Mira and the sixers show up with their war paint and bad ass attitudes to get her back. The girl refuses and wants to stay and Mira is visibly annoyed that she gave up two hostages for nothing. Taylor and his silky white beard are pissed that Mira even knew the girl was staying with them. He blames it on the mole in camp and enlists Jim’s help in identifying them.
Turns out that Taylor was right all along and the girl is a spy. Mira was putting up a show so the little girl could gain Taylor’s trust. She breaks into Mira’s old house to steal a box that was hidden in the floor. Jim catches her before she can escape with it and takes her to Taylor and his bitchin’ dino desk. Where can I get one of those?
The girl has no idea what’s inside or how to open it and claims she thinks Mira will hurt her brother if she didn’t steal it. Taylor doesn’t believe her but Jim does. He goes against orders to find his brother but finds himself erm, turned upside down.
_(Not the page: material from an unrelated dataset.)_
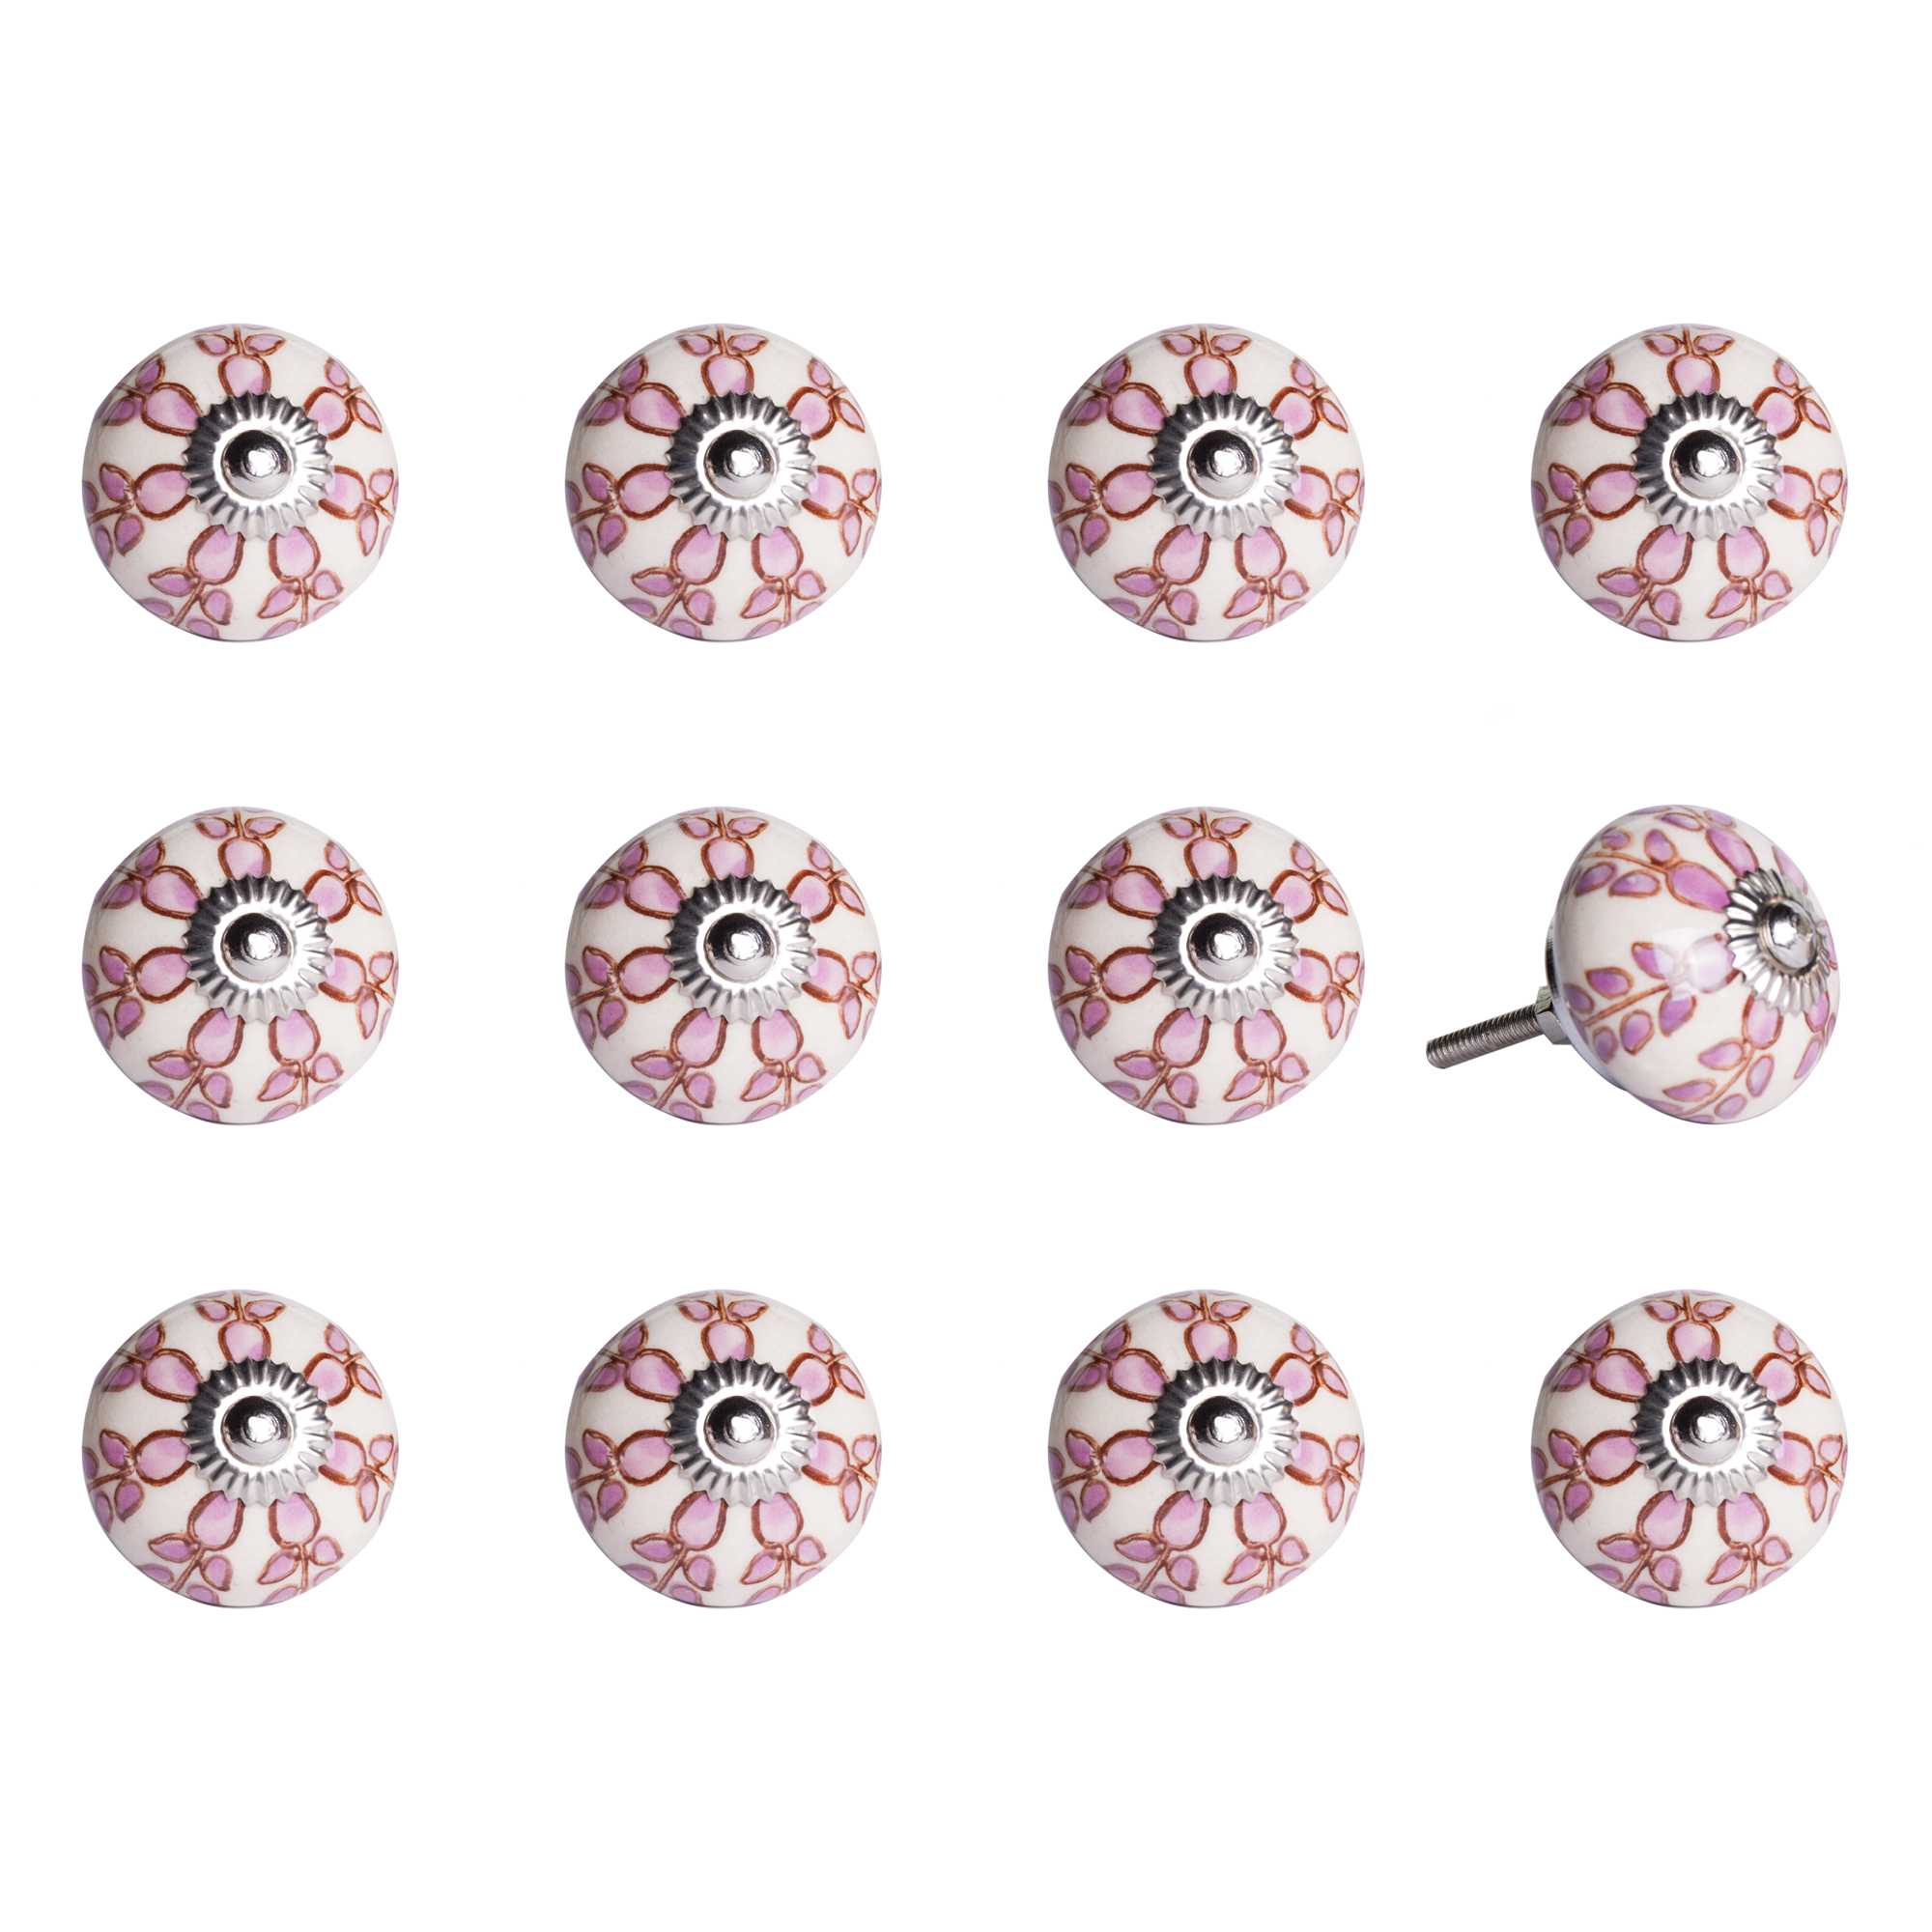 1.5" x 1.5" x 1.5" White, Pink and Burgundy - Knobs 12-Pack

Literally. He’s almost a dino snack before Mira’s minions find him and take him back to their hide out. Mira questions Jim and seems disappointed that he believes in Taylor. She paints him the bad guy and says that he pissed off a lot of people back in 2149 and if she gets rid of him, she’ll get to see her daughter again. When Jim gets back to camp, it looks like he may be starting to doubt Taylor. What is he hiding?